╭──

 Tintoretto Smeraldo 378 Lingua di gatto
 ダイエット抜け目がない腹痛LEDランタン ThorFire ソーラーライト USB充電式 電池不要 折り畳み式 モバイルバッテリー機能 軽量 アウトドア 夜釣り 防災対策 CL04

╰──
╭──

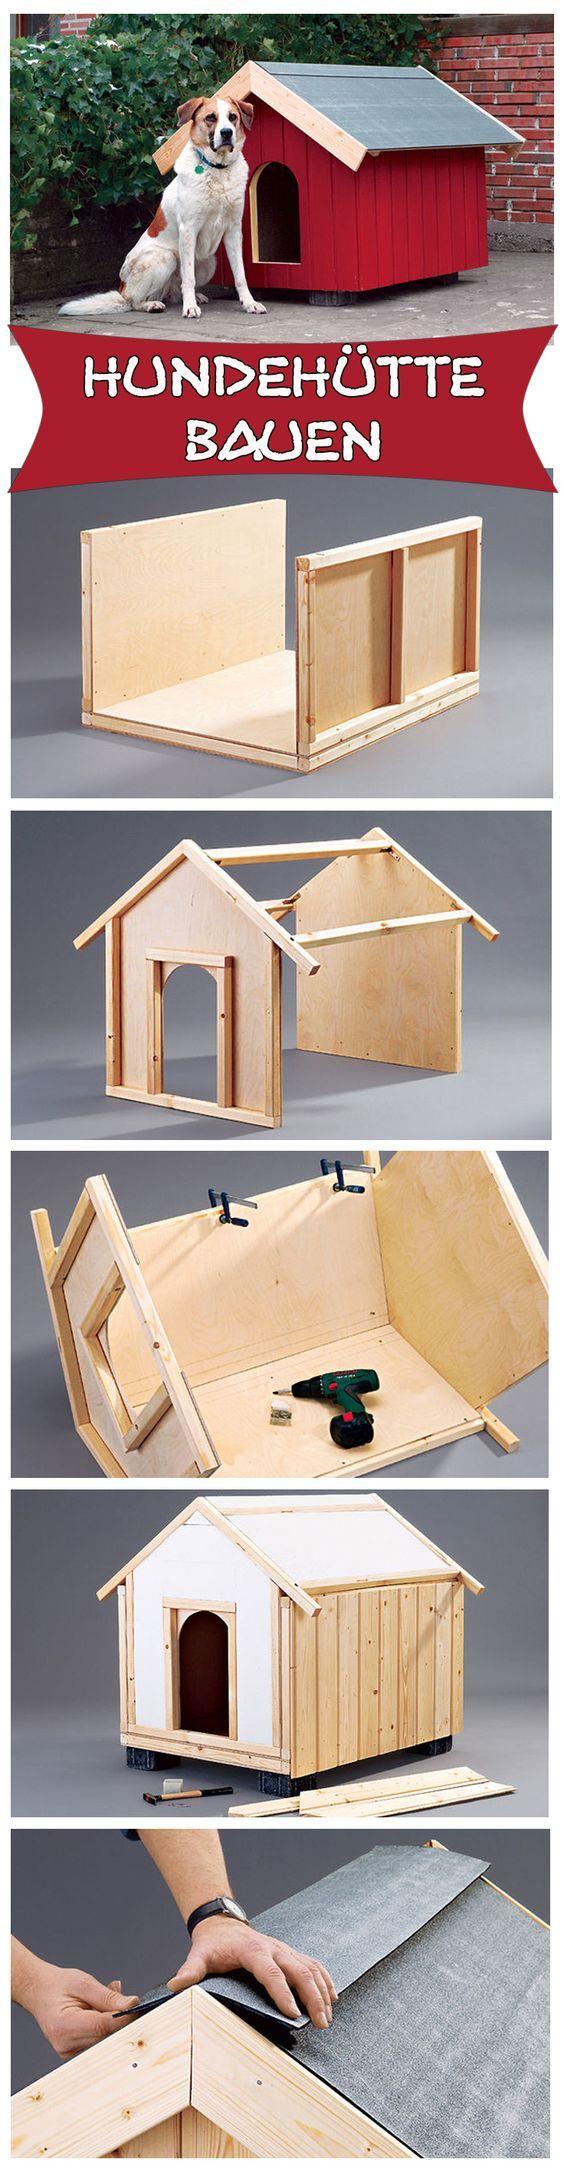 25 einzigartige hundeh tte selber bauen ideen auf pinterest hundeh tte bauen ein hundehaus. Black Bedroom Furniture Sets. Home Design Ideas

╰──
╭──

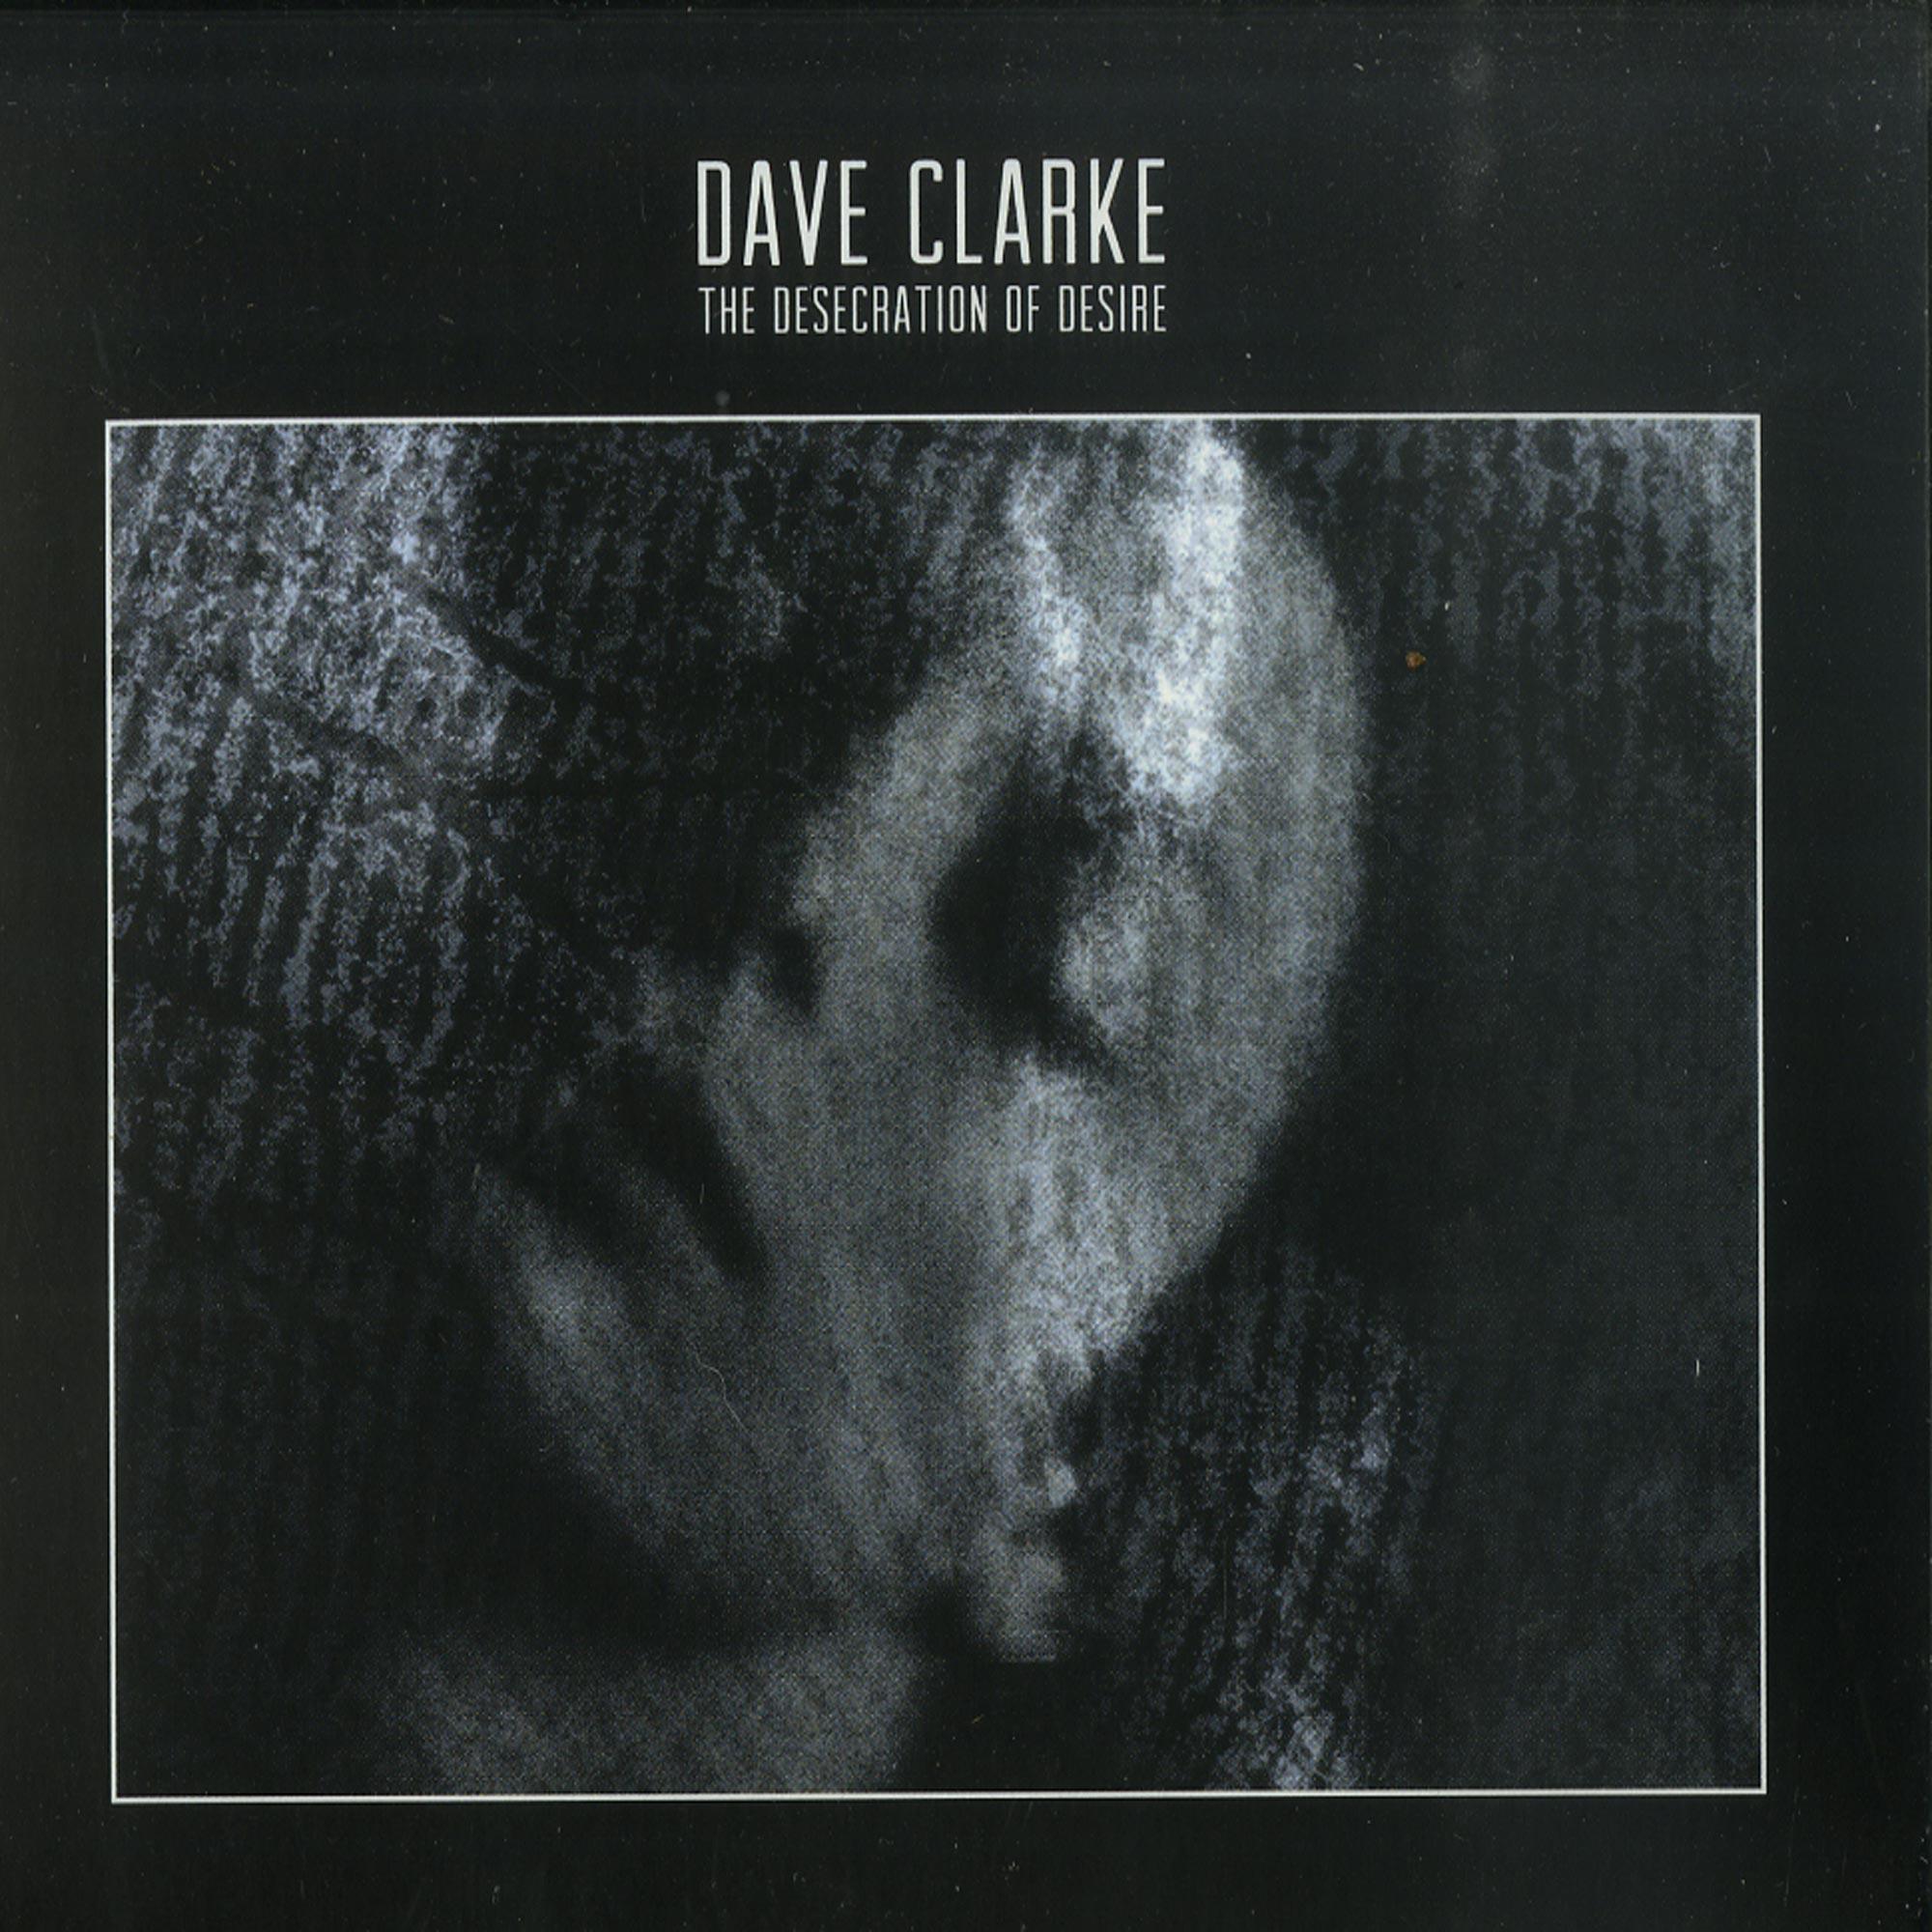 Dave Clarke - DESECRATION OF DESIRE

╰──

= Exercise details =
Repeat the entries above verbatim, but only from the line that has "Tintoretto Smeraldo 378 Lingua di gatto" down to the line that has "ダイエット抜け目がない腹痛LEDランタン ThorFire ソーラーライト", inclusive.

= Task response =
 Tintoretto Smeraldo 378 Lingua di gatto
 ダイエット抜け目がない腹痛LEDランタン ThorFire ソーラーライト USB充電式 電池不要 折り畳み式 モバイルバッテリー機能 軽量 アウトドア 夜釣り 防災対策 CL04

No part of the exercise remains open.